关键词 > STAT2001/5008
Mathematical Statistics: STAT2001/5008
发布时间:2023-05-18
Hello, dear friend, you can consult us at any time if you have any questions, add WeChat: daixieit
Mathematical Statistics: STAT2001/5008
Project
March 24, 2023
1 Introduction
This document provides guidelines and instructions for the project component in this unit. It includes the expectation, deadline of the project and information on group formation.
1.1 Group formation
This is a group project, with each group consisting of two students. Only one submission is required per group. All group members must sign the assignment cover page available on Blackboard and attach it as the first page to the submission. Projects without a cover page will not be marked.
1.2 Submissions
The project is worth 20% of your final grade. Submit your response via the Turnitin tab on Blackboard by 27 May 2023 . Your submission must include an R code in appendix illustrating calculations performed in R.
2 Project
This section presents the objective, available resources and questions you need to answer
2.1 Objective
I have a list comprising of 235,880 English words. Words in my list have 1 to 24 characters. Words that have 8 or more characters are referred to as large words. For example, the word STATISTICS has 10 characters and is referred to as a large word.
The objective of this project is to estimate the proportion of large words in my list.
2.2 Data collection
You can select multiple samples with or without replacement from the list of words. The maximum sample size is 100 words for each sample. Samples can be drawn from my list of words available here. I am allowed only limited computation time on this site so please use it wisely.
The full URL is https://probabilisticaggregation.shinyapps.io/SamplingFromWordLIst/
An Example of a sample of size 10, without replacement, is presented in Table 1. In this sample, we have 8 large words.
Word |
Number of Characters |
Word Type |
Streptocarpus |
13 |
Large |
amylodextrin |
12 |
Large |
nuncupation |
11 |
Large |
unmined |
7 |
|
unseemingly |
11 |
Large |
pseudohypertrophy |
17 |
Large |
funnyman |
8 |
Large |
antimicrobic |
12 |
Large |
subboreal |
9 |
Large |
serial |
6 |
|
Table 1: A sample of 10 words selected from the list without replacement
2.3 Questions
The response to the questions must be submitted as a typed document using any system of choice.
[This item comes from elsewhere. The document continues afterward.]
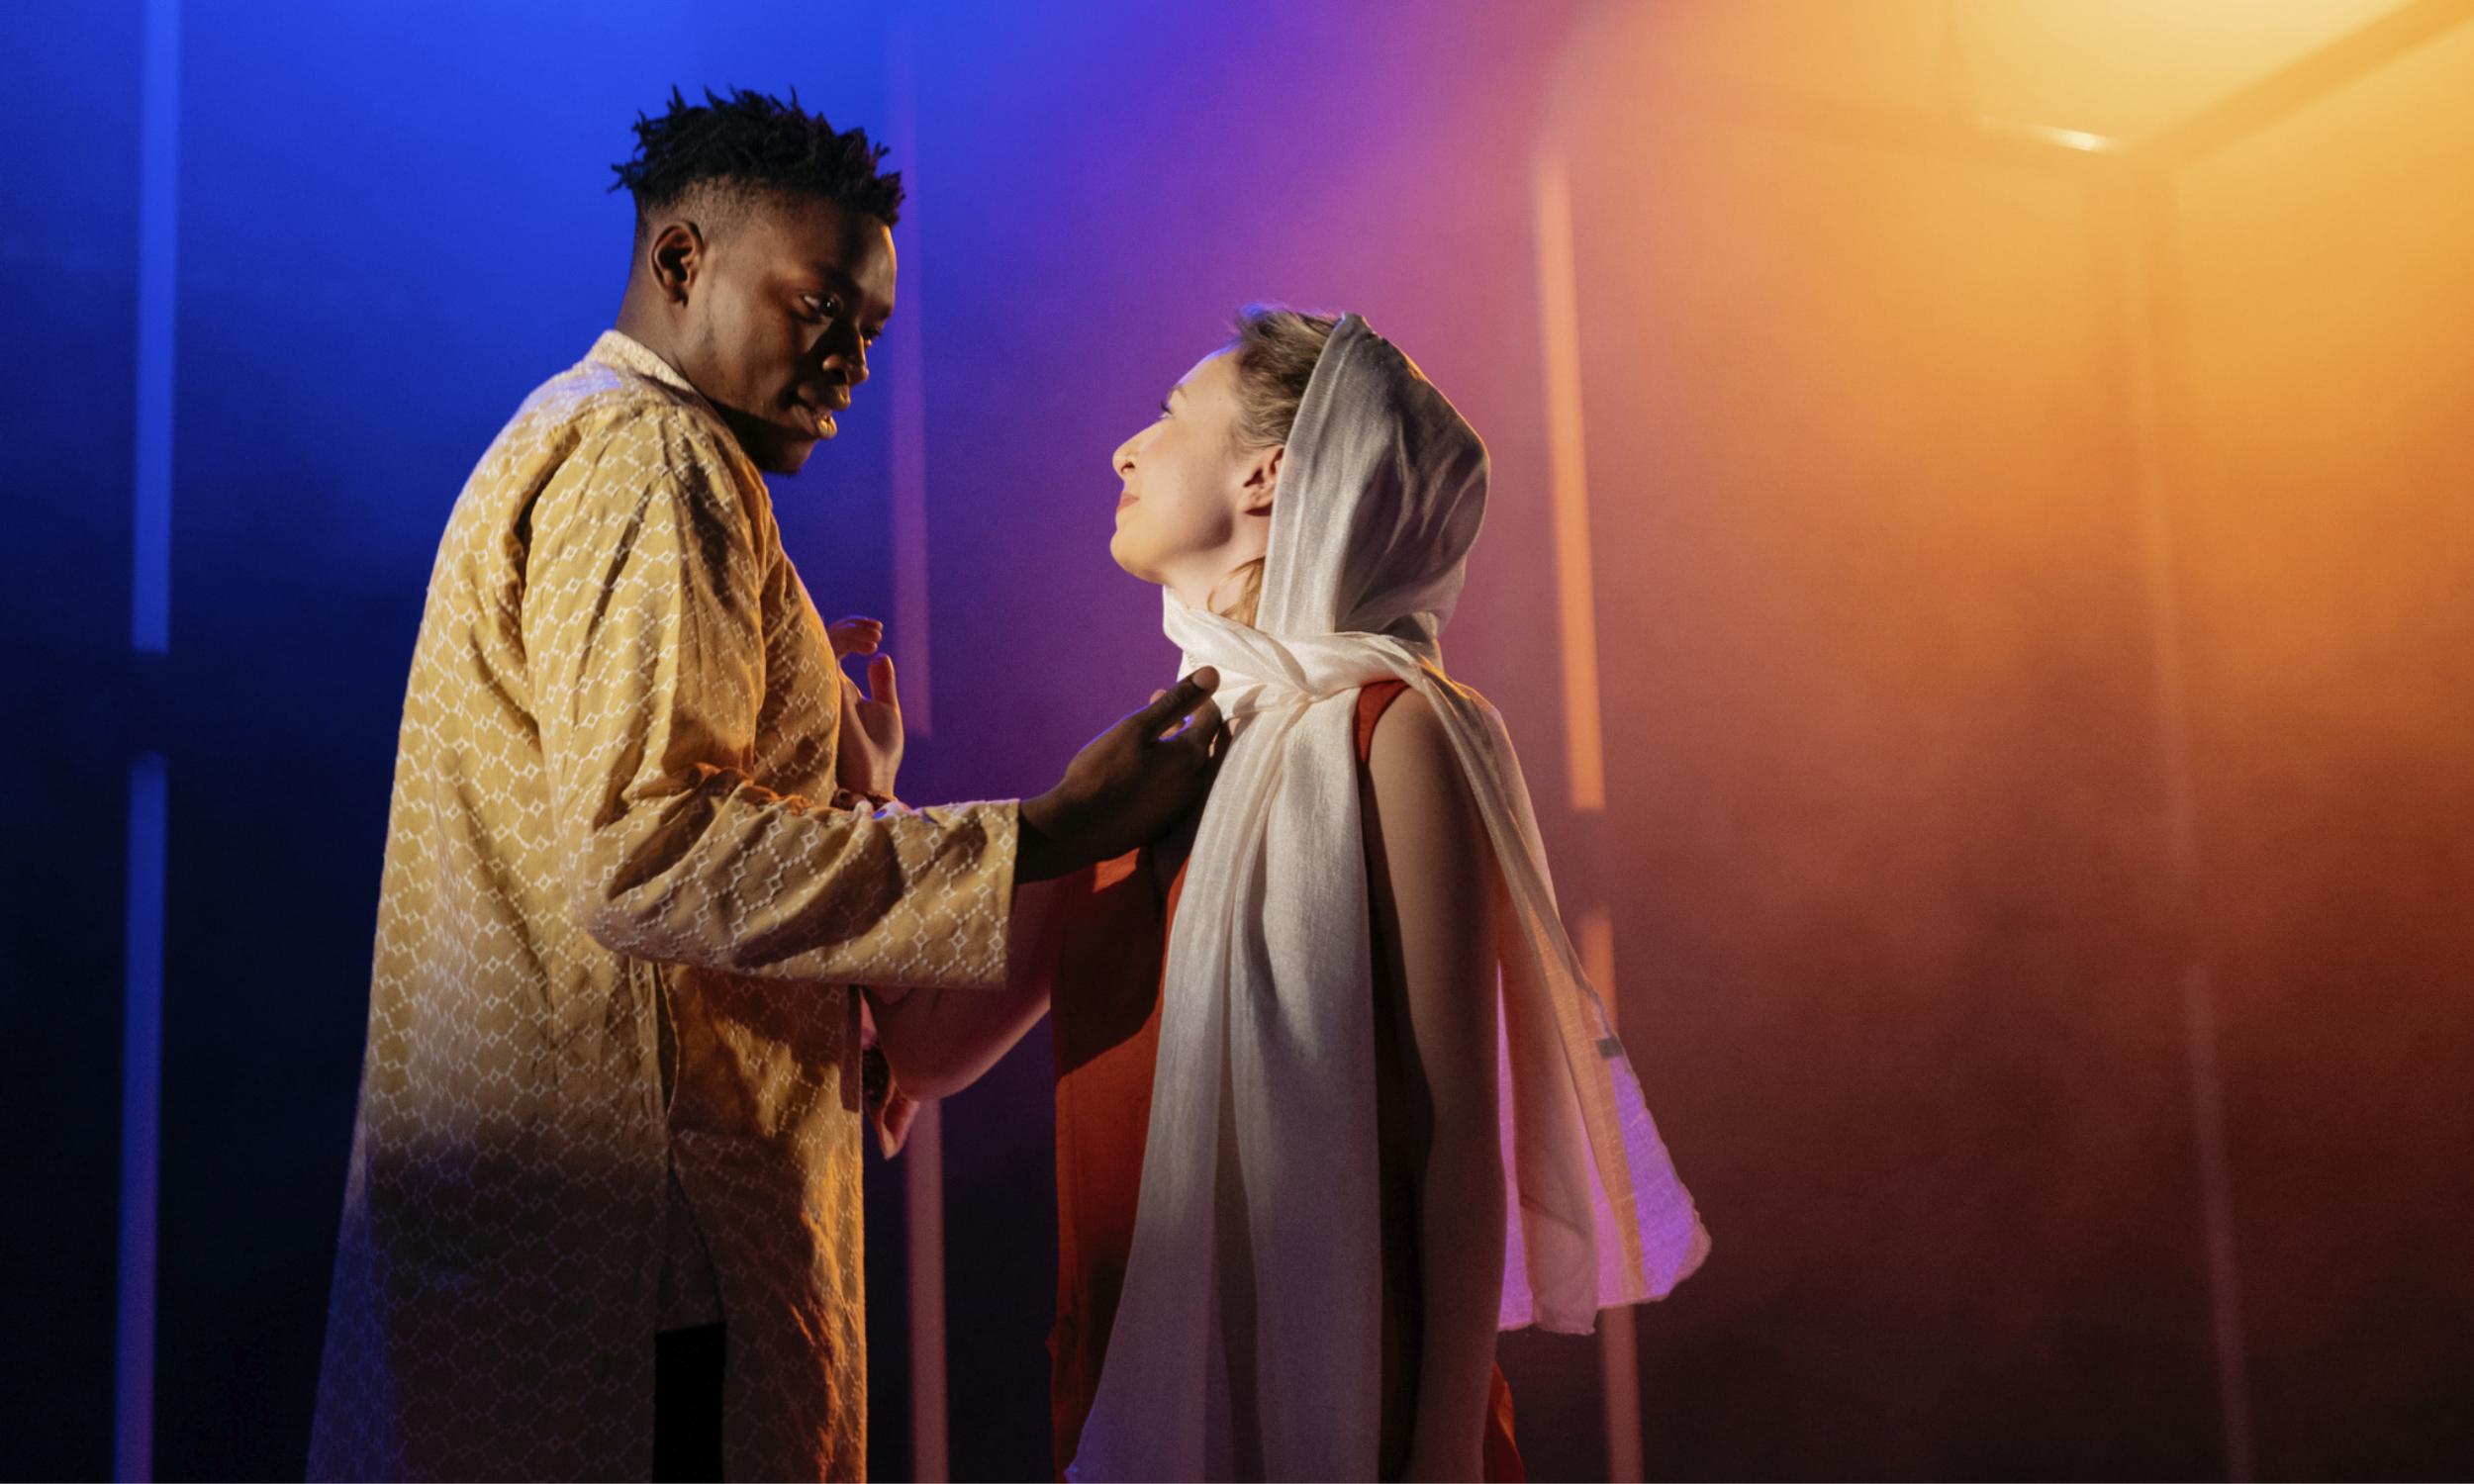 Victor Oshin (Othello) reaches towards Kitty Archer (Desdemona) as they look into each other's eyes. From ETT's Othello © Helen Murray.

All calculations must be performed in R and included in the main report’s appendix. The appendix should contain the code and the output, each clearly annotated.
1. Let P be the proportion of large words in the sample you propose to select. Specify two statistical distributions, fP (p), that may be used to describe P. Clearly state the name of the distribution, its known parameters and its unknown parameters θ . [4 Marks]
2. For each distribution specified above,
(a) State E(P), Var(P) and MP (t).
(b) Simulate (or otherwise) sketch the probability function of P for different values of parameters theta. Comment on the shape of the distribution.
If for your choice of distributions moments/moment generating function do not exist, mark in your submission non-existence of the respective quantities. [4 Marks]
3. Outline the methodology for estimating the proportion of large words in the list using each distri- bution specified in part 1. You must specify how the data will be collected and how your estimate of the proportion of large words will be computed. Justify the choice of the methodology proposed. [6 Marks]
4. Now collect the data using the link provided in section 2.2 in accordance with the distributions and methodology proposed in the previous part and estimate the proportion of large words. Comment on the accuracy of each estimate. [6 Marks]
2.4 Reality Check
After the due date, the proportion of large words will be made available. There is a prize for the best estimate (based on accuracy and cost).